This is what I came up with. Hopefully I can make some cuts soon. It’s all aluminum besides the delrin. 1” and 1”x2” and some 6” 1/4 aluminum and the delrin holds it up in place


the delrin I drilled to 9/16 and put in 3/8 steel inserts since I will be unbolting the delrin to switch heights.


----------



## motolife313 (Feb 3, 2019)

Some welding. Counter sink bolts.


----------



## northwest saws (Feb 17, 2019)

I like the design, simple but effective. Hopefully that plastic holds up for you. I'm thinking about building my own as well but i'm not feeling too enthusiastic on using aluminum.


----------



## Eric Vogus (Feb 20, 2019)

Looks like a very well built unit. Nice job


----------



## BobL (Feb 20, 2019)

Nice machining and welding but I don't think the large minimum differences in possible thickness of cuts is a that good a design. 
Sometimes you really want to be able to mill slabs and boards to 1/8" thickness differences.

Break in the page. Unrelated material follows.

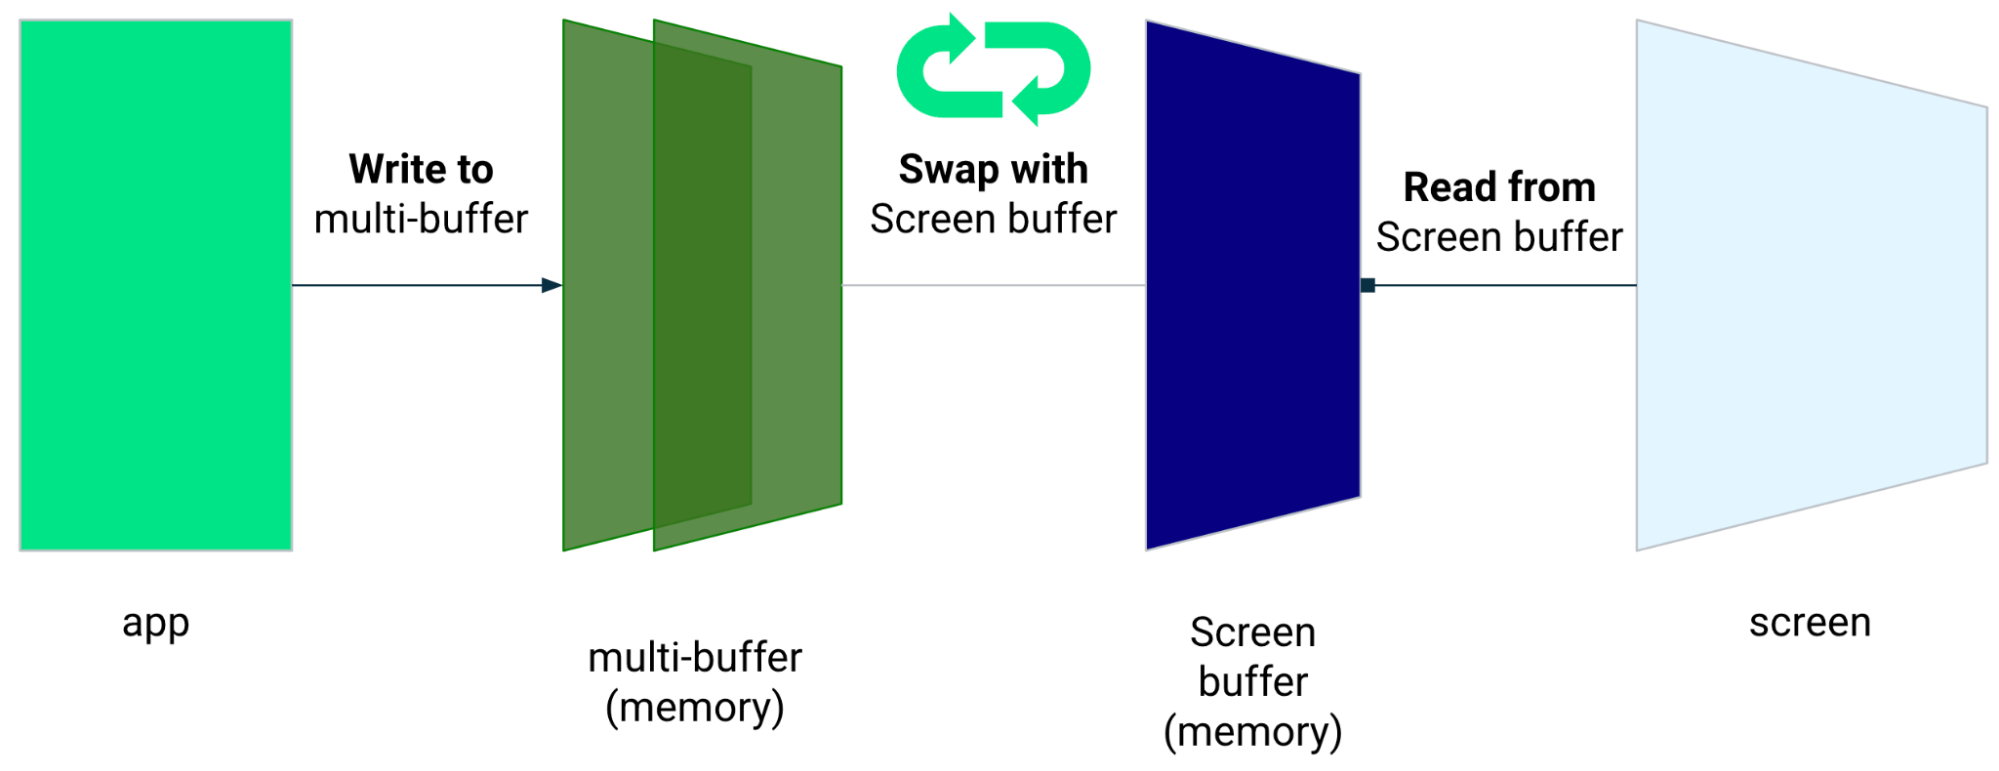 O app escreve no buffer múltiplo, e troca pelo buffer de tela. O app lê diretamente do buffer da tela.
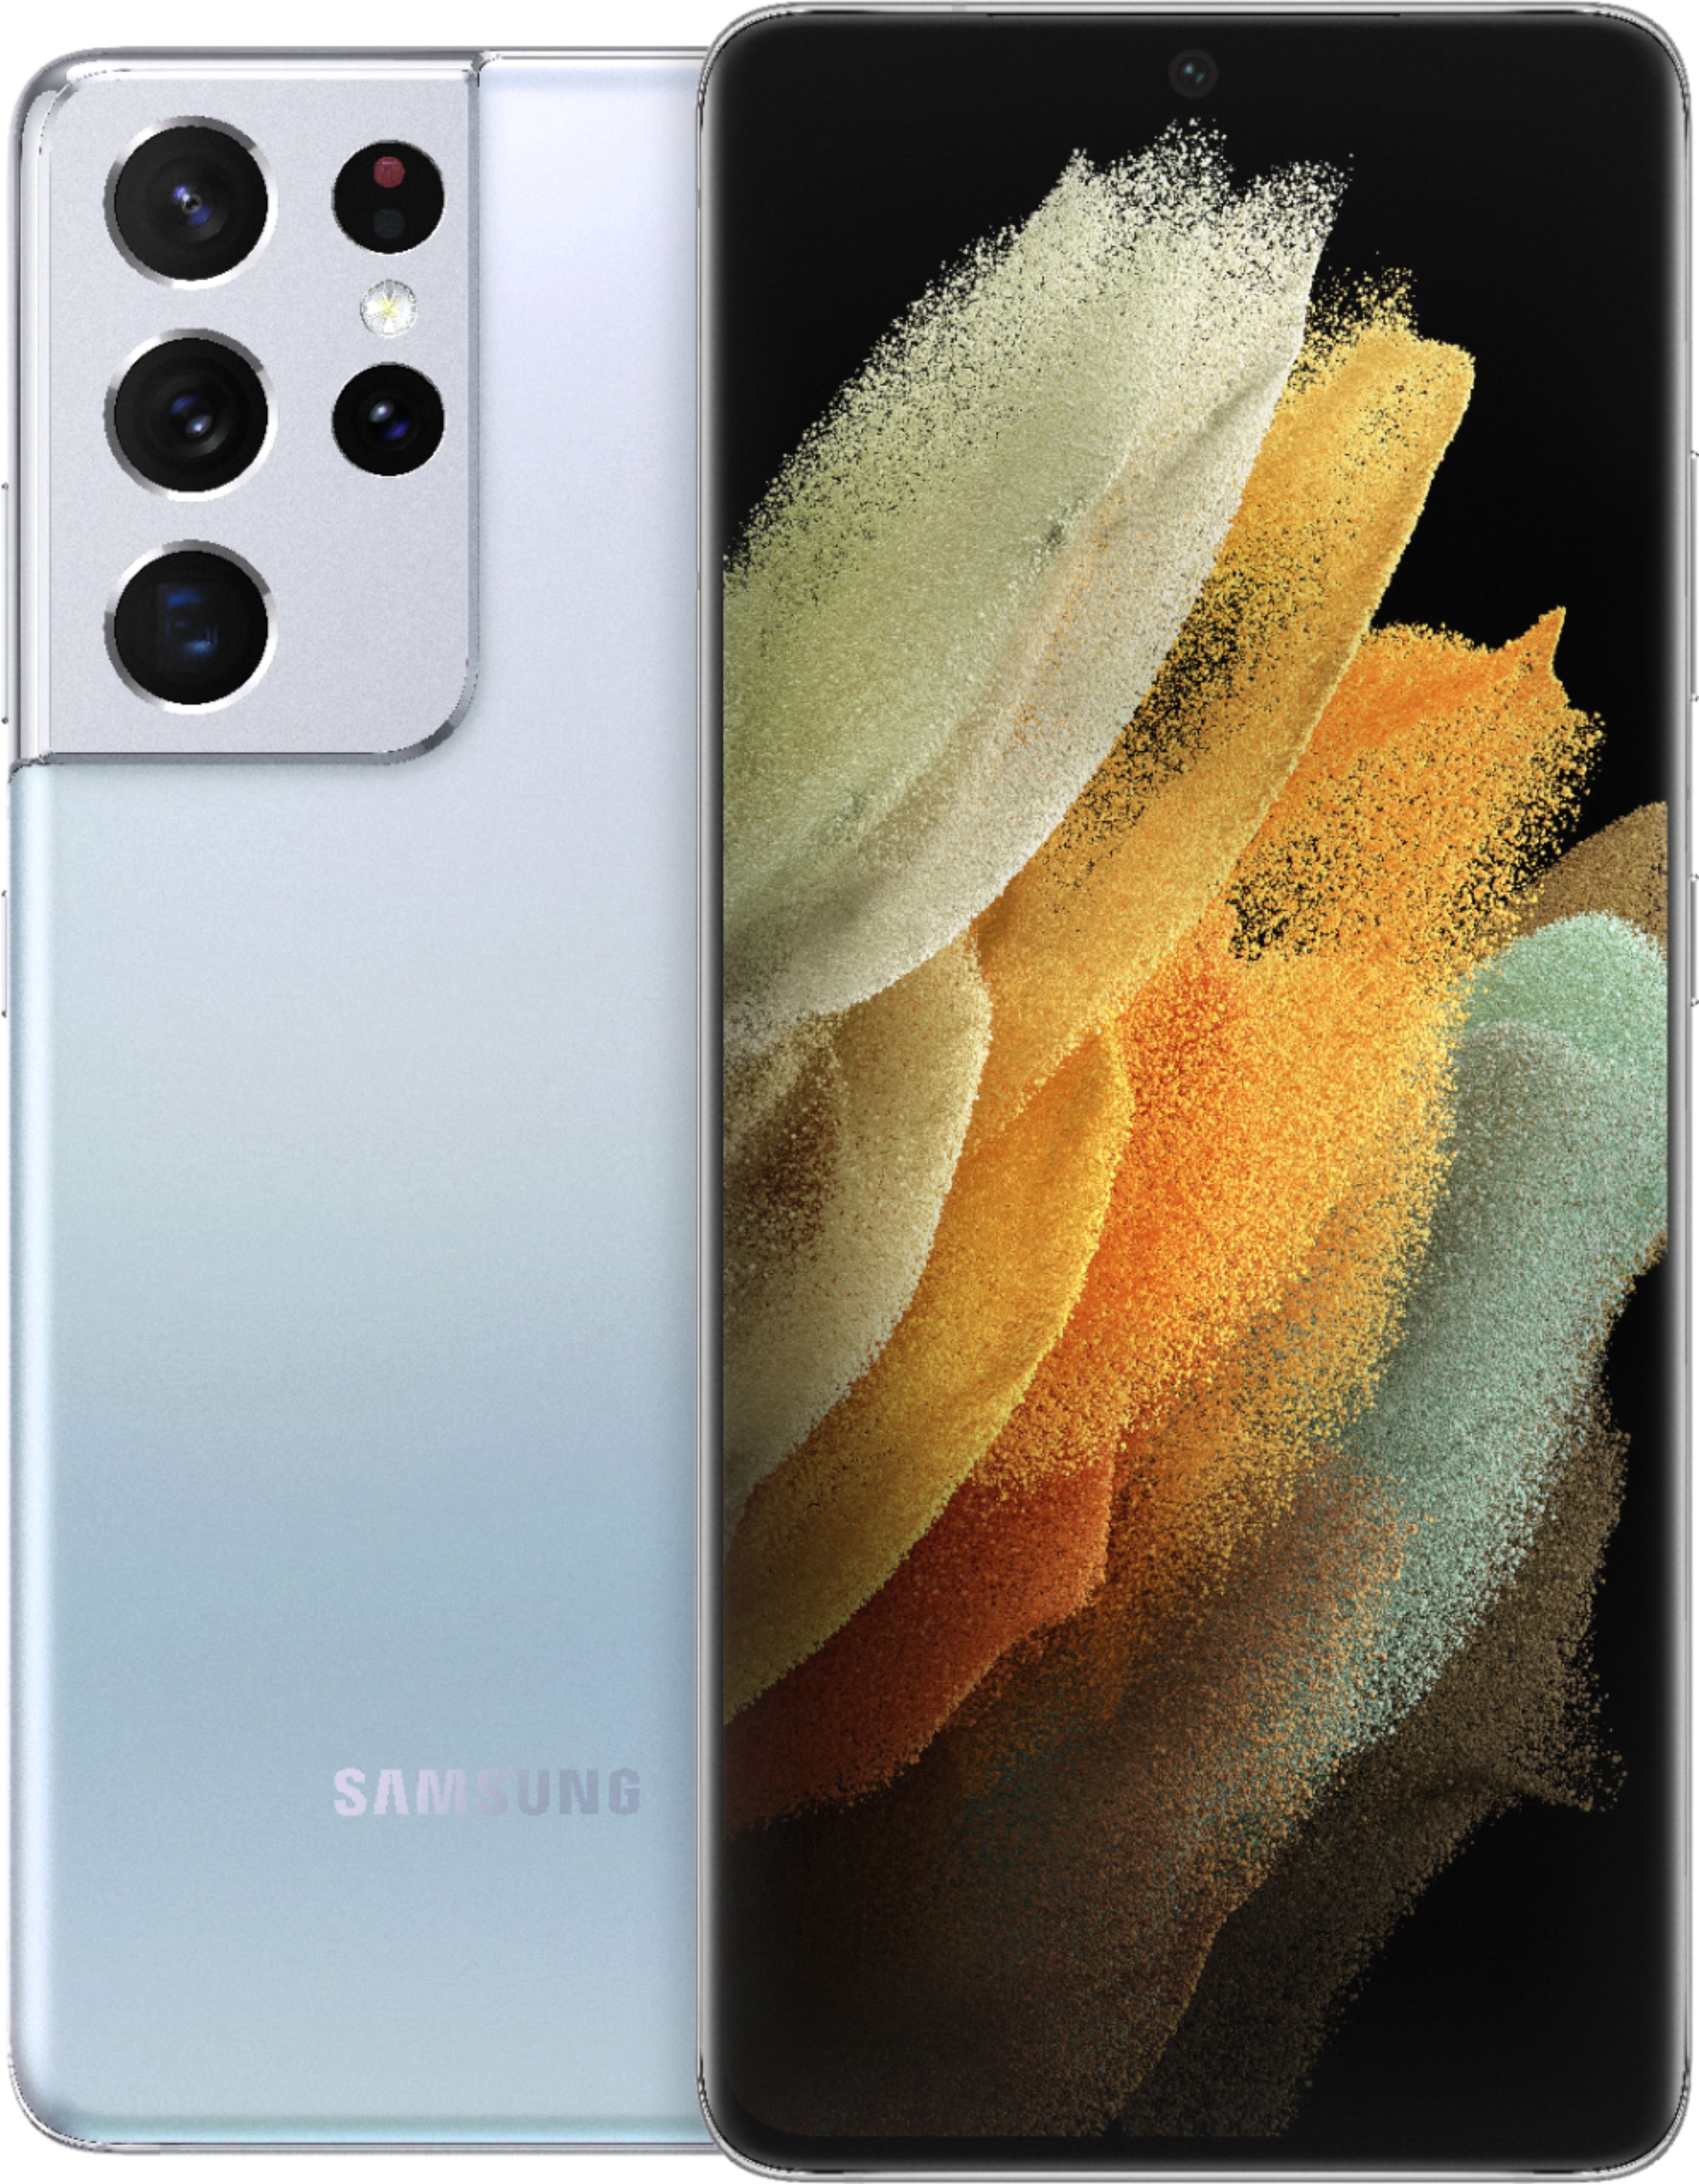 Samsung - Galaxy S21 Ultra 5G 128GB - Phantom Silver (Verizon)

You will be better off replacing those bar pads with steel as the Al ones will wear too quickly. Bolting the bar to the mill is a better design because then there's no need to remove the clamps to change the chain,

Also you will need some handles on the mill to hang onto. It will be better if the handles are higher up on the mill and not just at the level of the large Al plate. Have a look at were the handles are placed on this mill.


----------



## motolife313 (Feb 20, 2019)

How would the aluminum bolted to the bar wear out? And I really couldn’t see need to be accurate to the 1/8” lol. That’s what a planner is for


----------



## BobL (Mar 1, 2019)

Vibe will wear the Al no matter how hard the bar bolts are tightened. It depends how many logs you mill I noticed the wear when I used Al pads after about 30 logs.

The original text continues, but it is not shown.